Sin embargo, lo que se percibe, es que en relación al amor y la verdad del sentimiento estamos lejos.

No digo que el amor no lo sea, pero las cosas sólo son verdaderas cuando son “fiables”, y entonces sólo son fieles porque cumplen lo que ofrecen. Por tanto, el término no tiene una única definición en la que estén de acuerdo la mayoría de los estudiosos, por lo que las teorías sobre la verdad continúan siendo ampliamente debatidas.

El sentimiento del amor es muy enclenque, porque en ese sentido, la verdad supone la concordancia entre aquello que afirmamos con lo que se sabe, se siente o se piensa o imaginamos sentir. De allí surge que el concepto de verdad también abarque valores como la honestidad, la sinceridad y la franqueza.

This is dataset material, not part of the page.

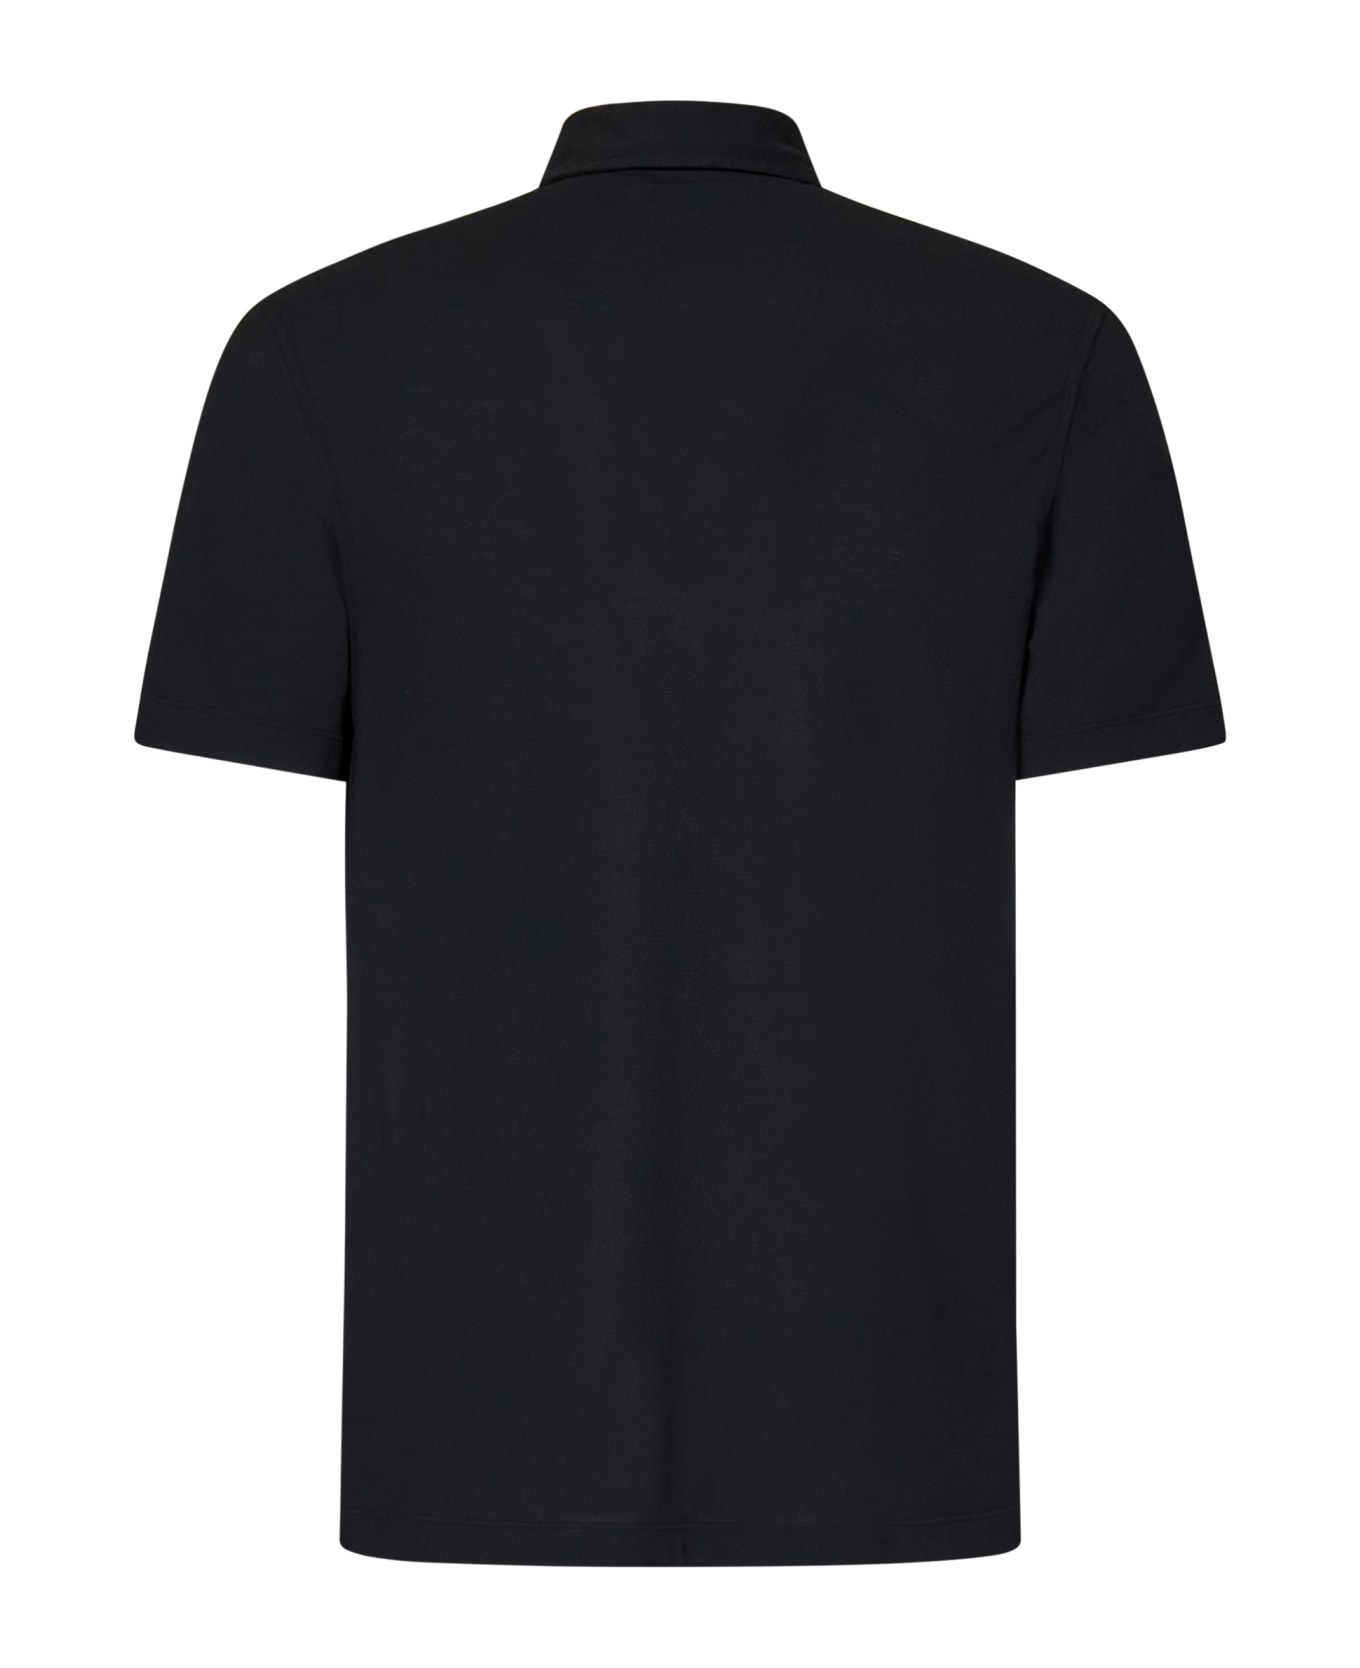 Drumohr Polo Shirt - Black ポロシャツ

La emoción causada por el amor es diferente, tenue y hasta pasajera si se quiere, ya que por otro lado, como verdad se denomina todo aquel juicio o preposición que no puede ser refutado racionalmente, cosa opuesta al estado intrínseco del amor. En esta acepción, la verdad tiene un sentido antípoda a la falsedad, a la mentira.

Pero con el término “verdad” podemos referirnos a una realidad o a una preposición, y así hablamos de una verdad ontológica, de la realidad, del ser; o de una verdad lógica, del conocimiento, de la proposición mediante la que se expresa un juicio cualquiera. En el primero de los casos se incluiría el amor, ya que con esta afirmación decimos que lo que sentimos es verdad, o verdadero, para indicar que nuestro sentimiento no se trata de una ilusión o delirio, de una apariencia, siendo entonces la verdad idéntica a la realidad a lo que las cosas son.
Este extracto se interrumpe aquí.